Percevoir que la pierre est d’un coté de la fenêtre, à l’extérieur, dans la lumière. 
Prendre conscience que l’être qui, par le regard, perçoit la pierre, est à l’intérieur de la fenêtre, dans l’obscurité. 
Tout en gardant conscience de la pierre extérieure et de la fenêtre des yeux, tourner son attention sur la sensation intérieure d’être, d’exister. 
Peu à peu concentrer fortement son attention sur cette seule sensation d’être.

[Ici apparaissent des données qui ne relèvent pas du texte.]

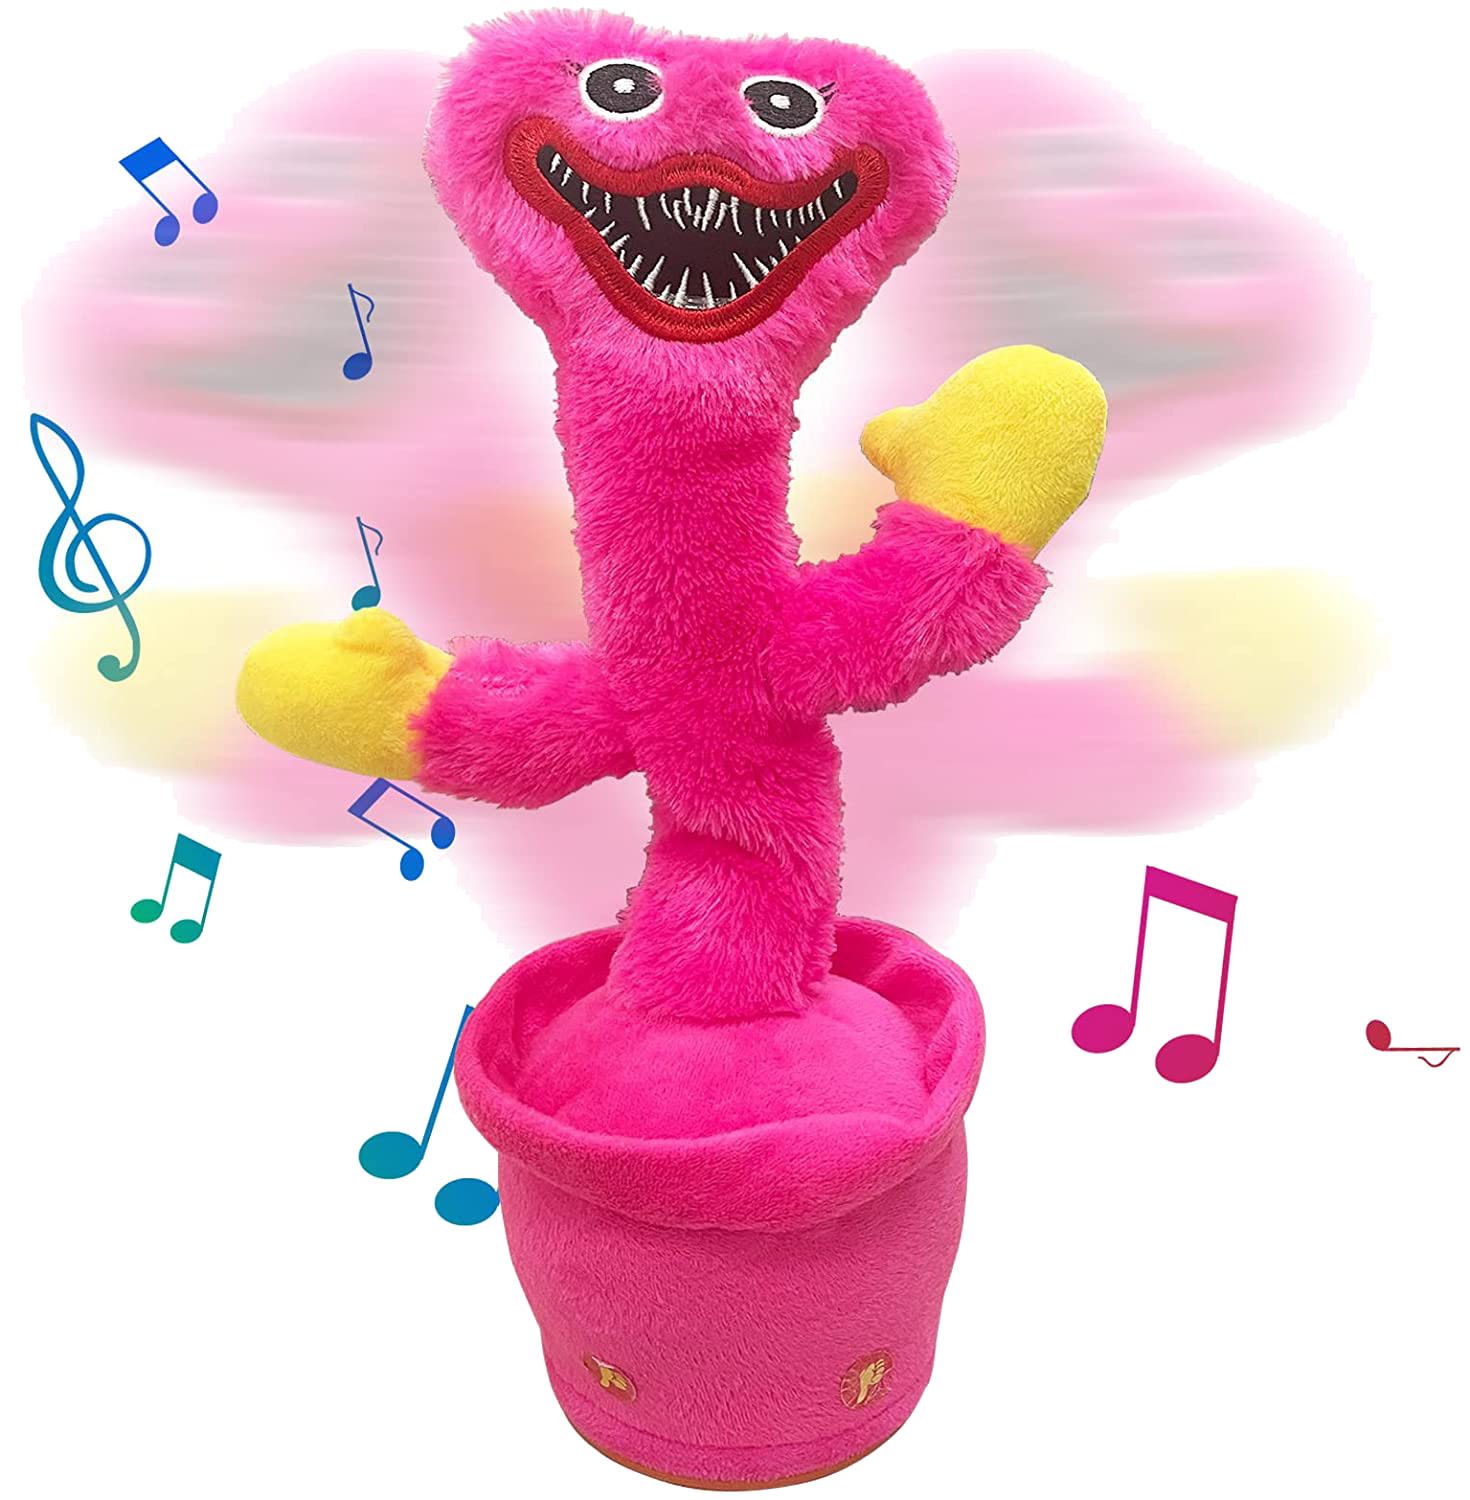 Пляшущая игрушка. Кисси Мисси Танцующий Кактус. Танцующий Хаги ваги игрушка Кактус. Кисси Мисси розовая игрушка. Танцующая мягкая игрушка музыкальная.
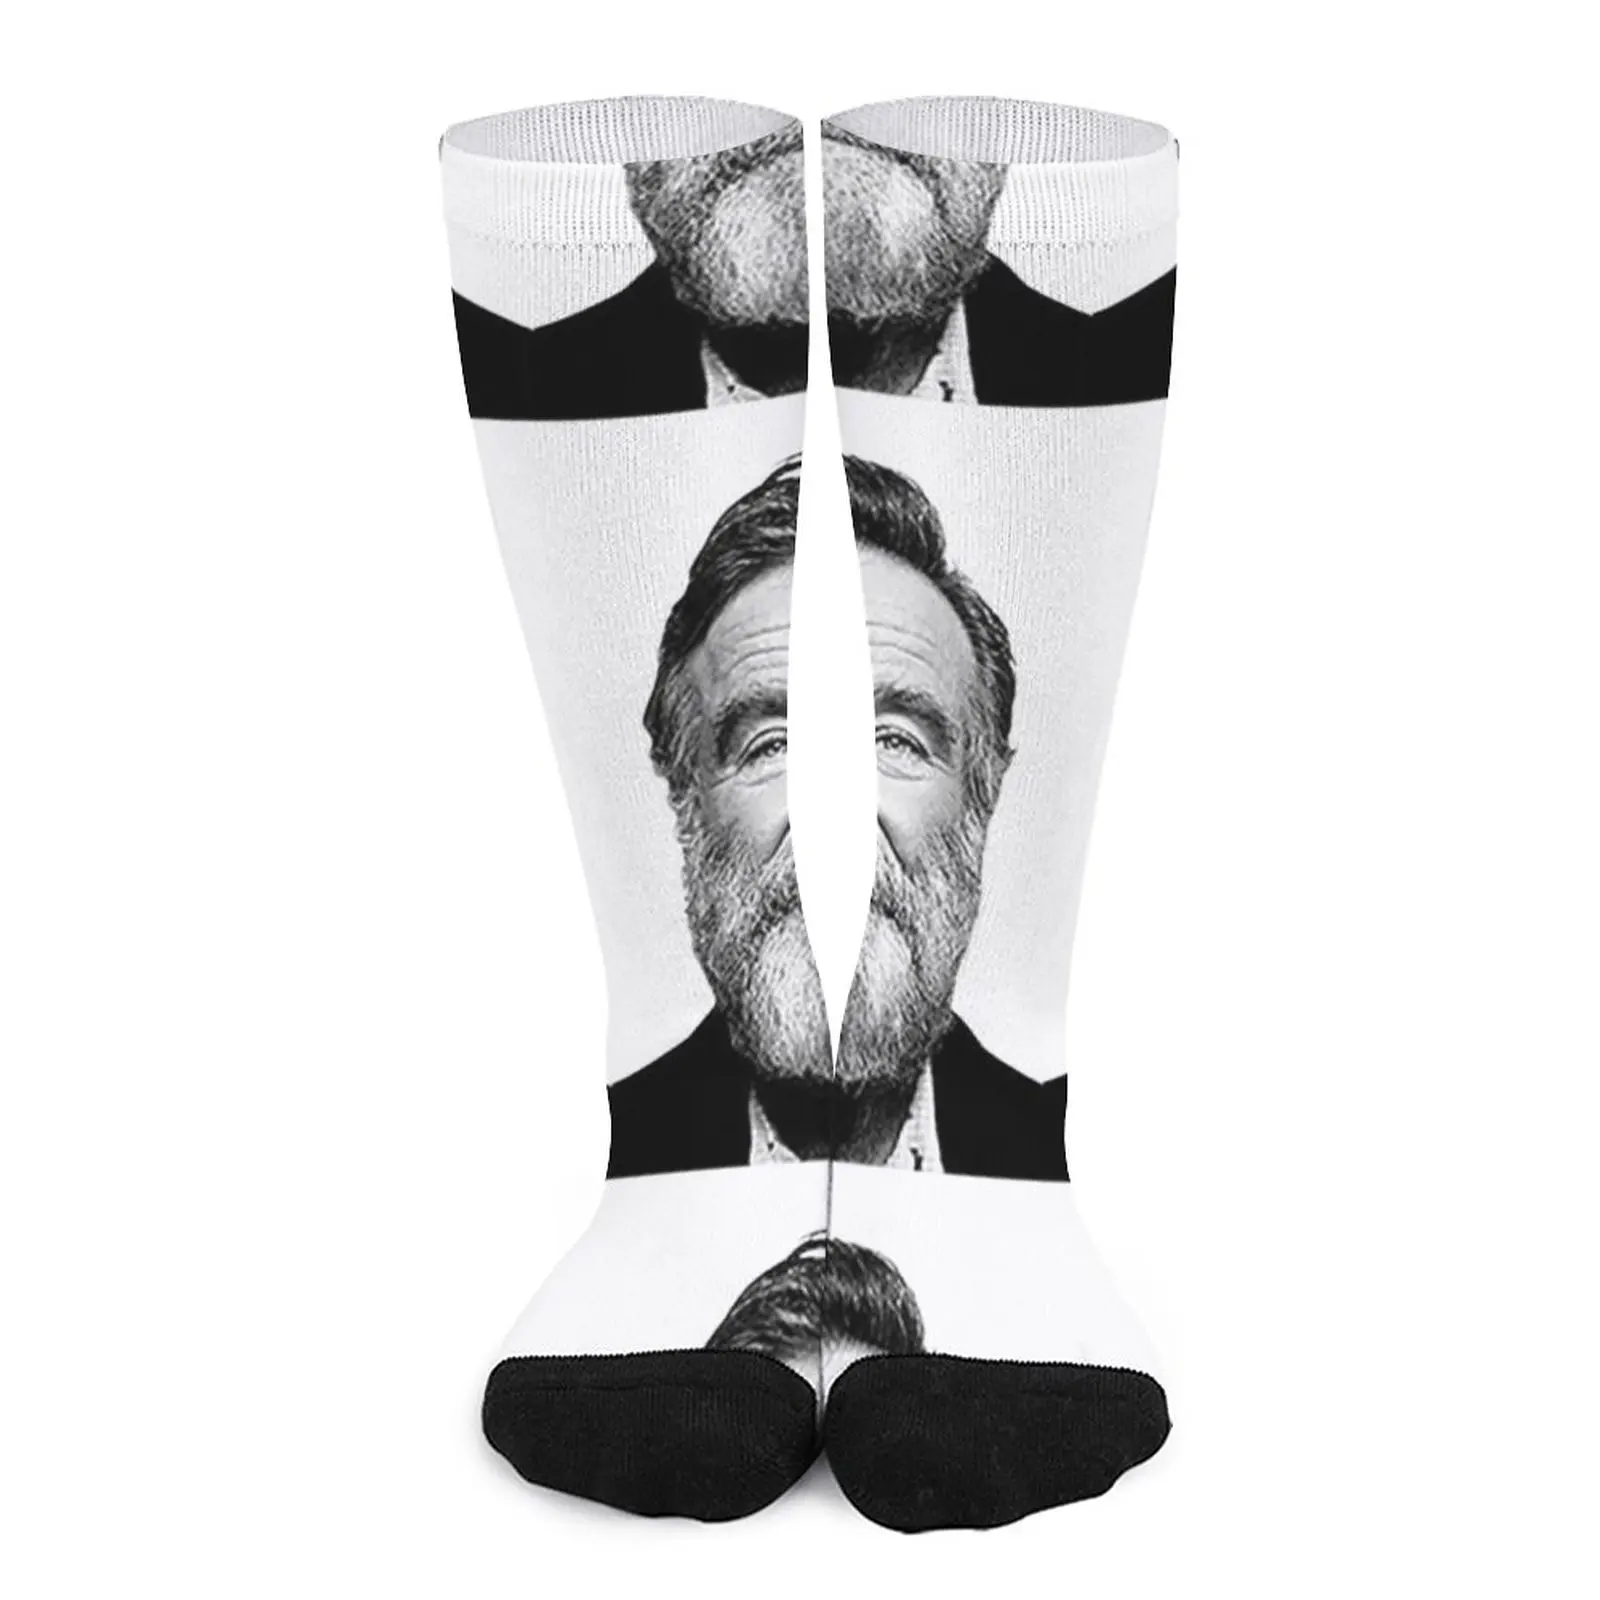 Robin Williams Socks Men's winter socks men socks winter socks men Stockings compression baroque academie williams christie le jardin des voix

Quand la conscience d’être est bien stable, se concentrer pour percevoir alors clairement comme trois objets distincts la pierre à l’extérieur, la fenêtre des yeux, la conscience du soi à l’intérieur.

Se concentrer un instant sur la perception des trois objets de la conscience.
Quand la perception des trois objets est bien stable, repporter son attention sur la sensation d’être et, dans un premier temps, situer physiquement cette perception dans le Dan Tian inférieur. 
Sans fermer les yeux ni détourner le regard de la pierre au sol, rassembler alors peu à peu toutes ses facultés de perception, sensorielles et mentales, sur le dan tian et la sensation d’être. 

Seulement écouter, contempler, rassembler son attention sur la perception d’être. 

Si le mental s’active et que naissent des pensées, ou que l’attention se porte à l’extérieur ou sur le corps, en prendre aussitôt conscience et revenir à la position mentale perceptible correcte de simple observation attentative du soi. 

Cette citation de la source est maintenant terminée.